Ask HN: How do we secure our current system of 'electronic money' - slcdogood
I&#x27;m a bitcoin fanatic and I&#x27;ve even started to use the blockchain for non-bitcoin purposes. It&#x27;s s fantastic ledger for financial transactions and it&#x27;s exciting to see a multitude of companies investigating ways to use it with our real currency.<p>My questions is simple. If only a couple percent of our currency exists as cash what (if anything) is stopping a hacker or unethical banker from just adding $1,000,000 to their the database entry for their account? The government isn&#x27;t keeping logs of total balances are they? If not, who is? If I&#x27;ve learned anything in this world it&#x27;s that if you aren&#x27;t watching, someone will be exploiting...
======
patio11
_If only a couple percent of our currency exists as cash what (if anything) is
stopping a hacker or unethical banker from just adding $1,000,000 to their the
database entry for their account?_

Double-entry bookkeeping, distributed financial controls, routine accounting
audits, and the certainty of a long stint in jail once that is discovered.

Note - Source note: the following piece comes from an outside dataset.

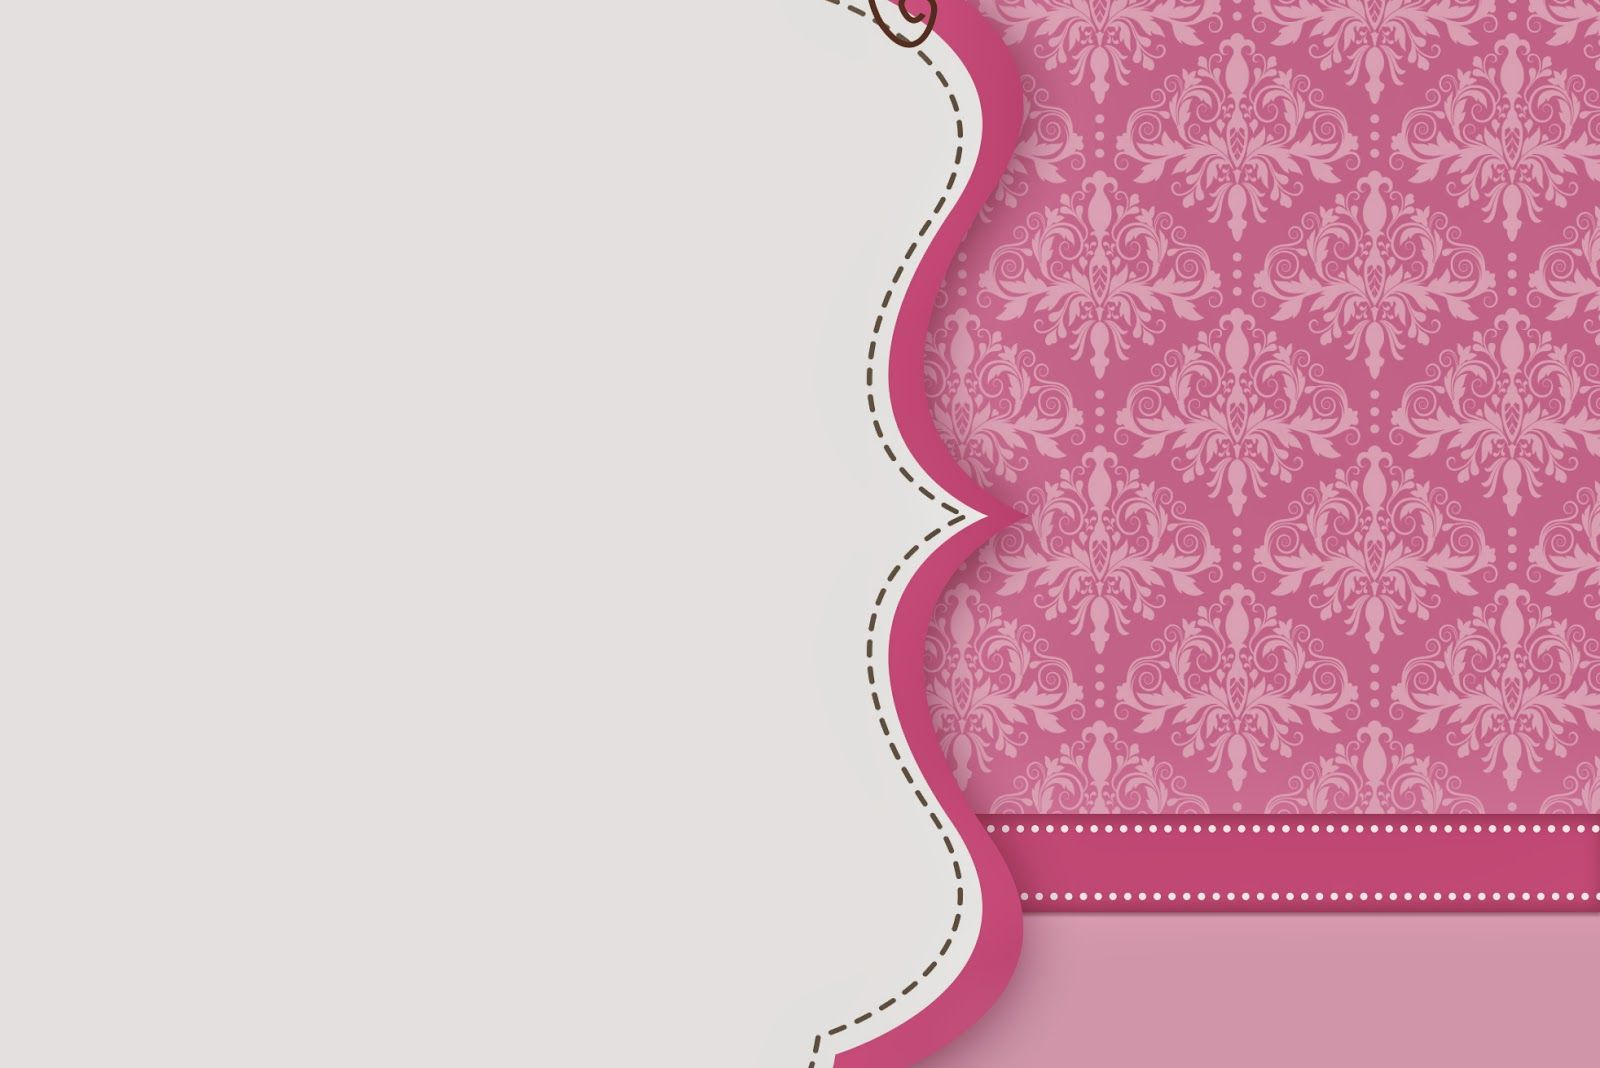 Damascos rosa invitaciones para imprimir gratis - Fotos de damasco ...

Double-entry bookkeeping is a technology which should fascinate anybody whose
buttons Bitcoin-qua-ledger pushes. It enables a 1920s grocery store to detect
a quarter missing from the till at the end of the day. The key insight is that
"all money came from somewhere and all money goes somewhere; those two
transactions should _exactly_ balance; if money ever spontaneously appears or
disappears then mistake or malfeasance is afoot."

The government does not routinely directly keep logs of the accounts of
businesses, but requires that they do in a variety of circumstances. Companies
which do not keep adequate logs face a variety of sanctions, including e.g.
punitive tax rates, fines, and criminal prosecution. This keeps the average
level of accounting competency at most businesses in the real economy rather
north of that at e.g. a typical Bitcoin exchange.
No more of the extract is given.